● **Directions for this task**: Please retype the data below line for line and leave out every picture.

++++ Supplied data ++++

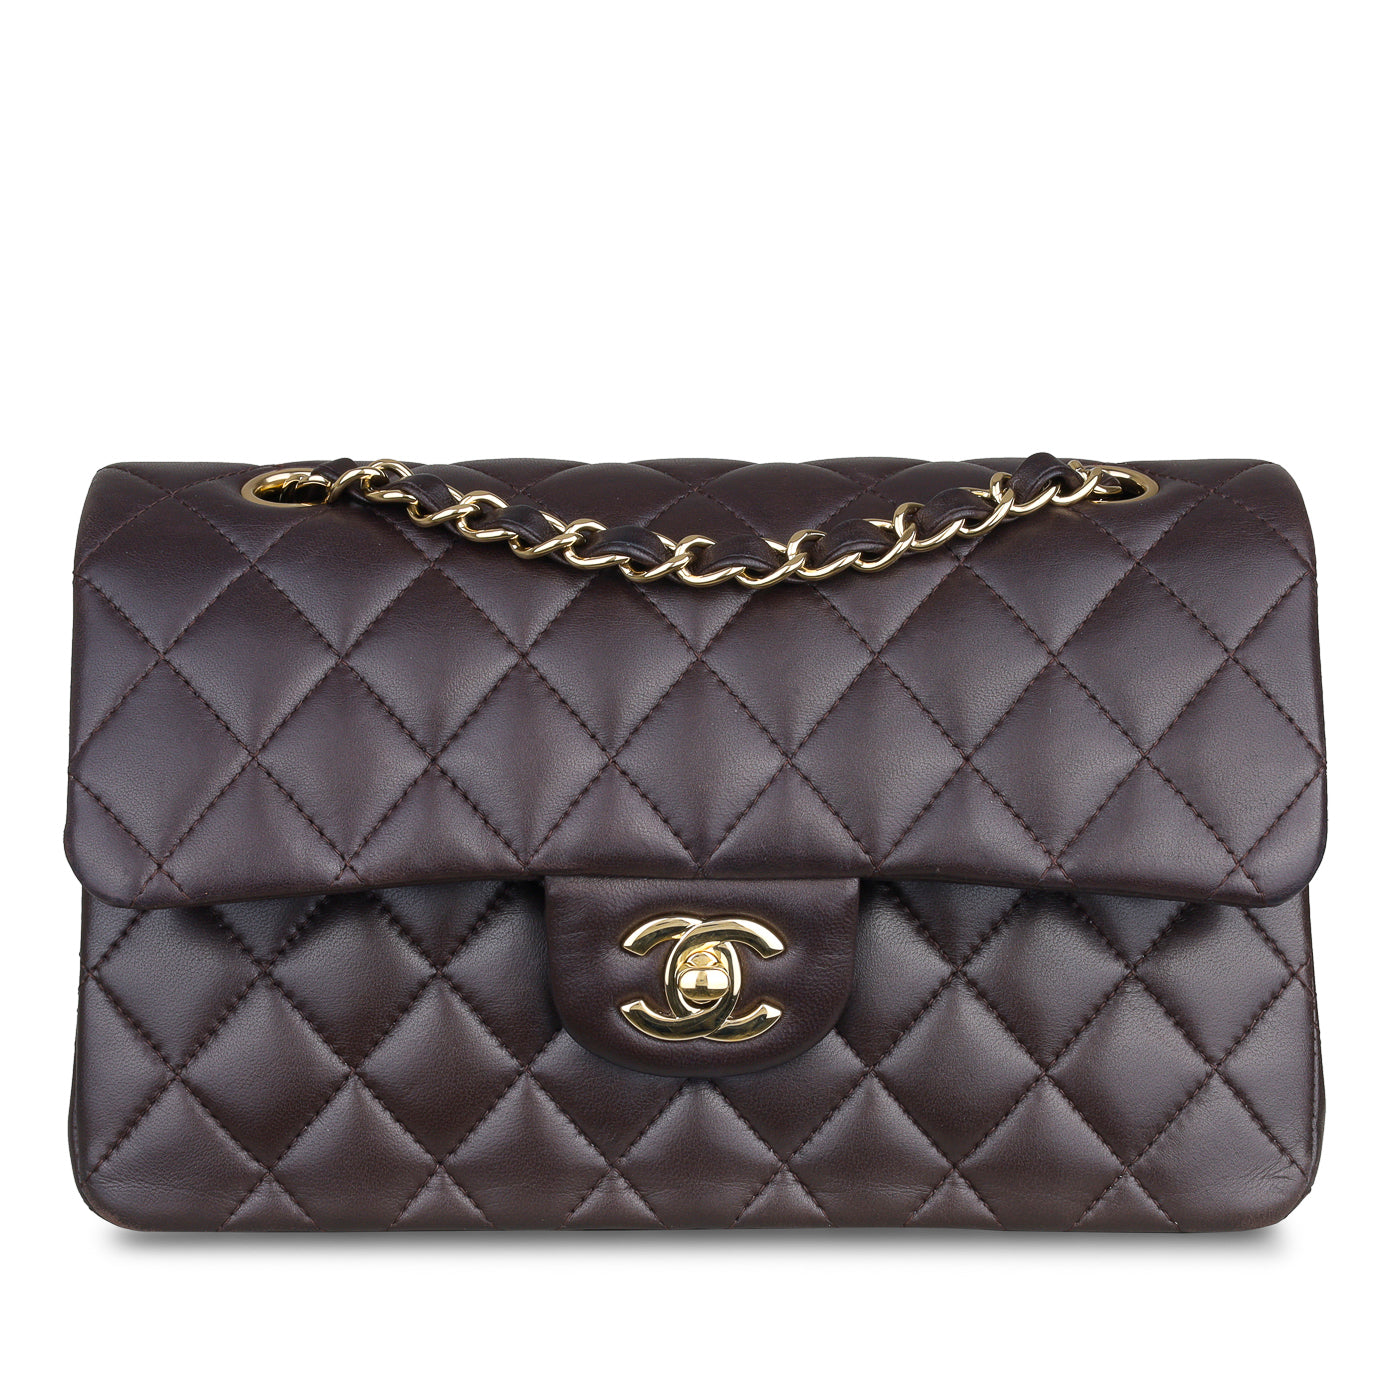 Chanel - Small Classic Flap Bag - Brown Lambskin CGHW - Excellent
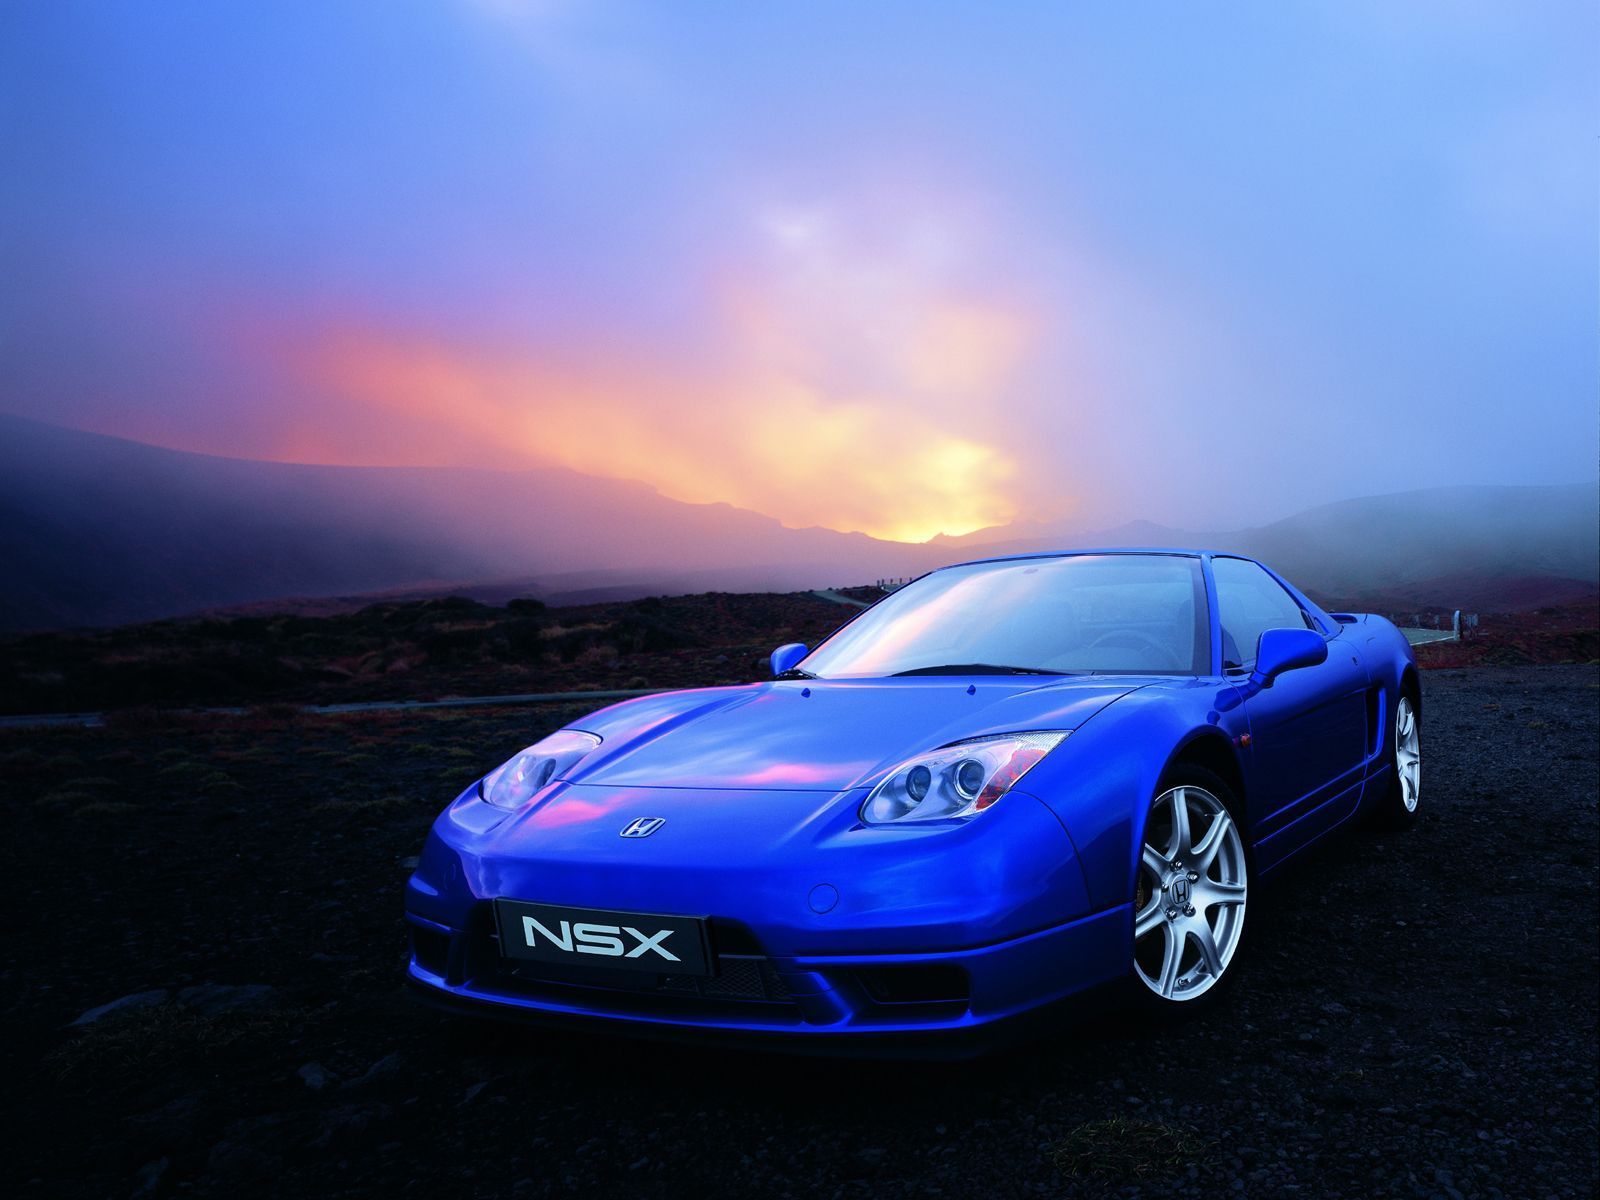 2002 was the year for the first NSX's exterior facelift
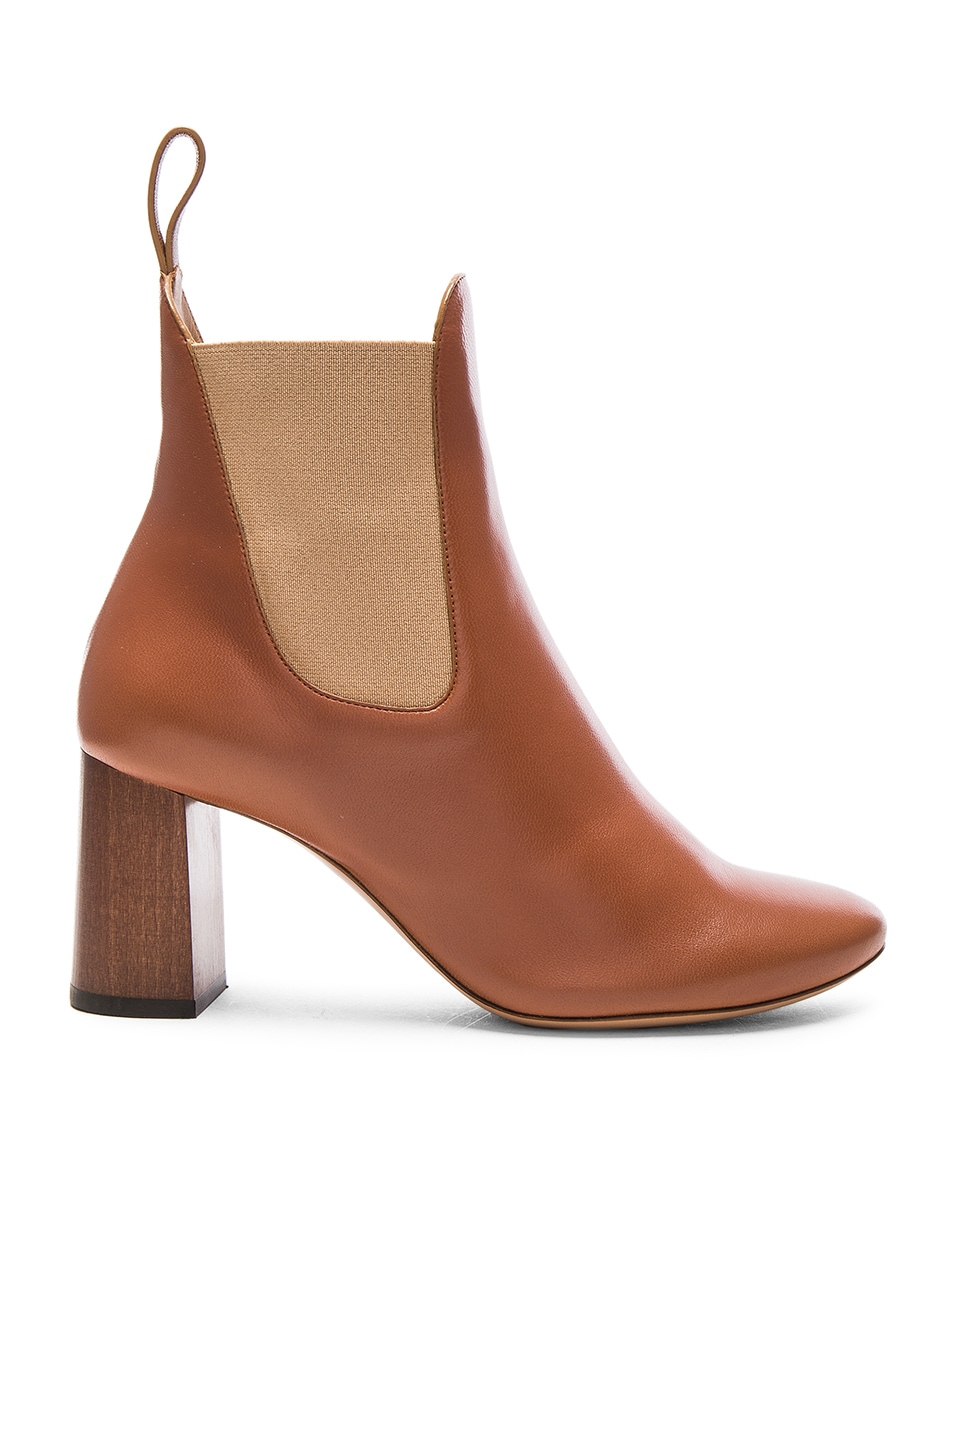 Image 1 of Chloe Leather Harper Ankle Boots in Brown Delight

++++

● **Answer section**:
 Chanel - Small Classic Flap Bag - Brown Lambskin CGHW - Excellent
 2002 was the year for the first NSX's exterior facelift
 Image 1 of Chloe Leather Harper Ankle Boots in Brown Delight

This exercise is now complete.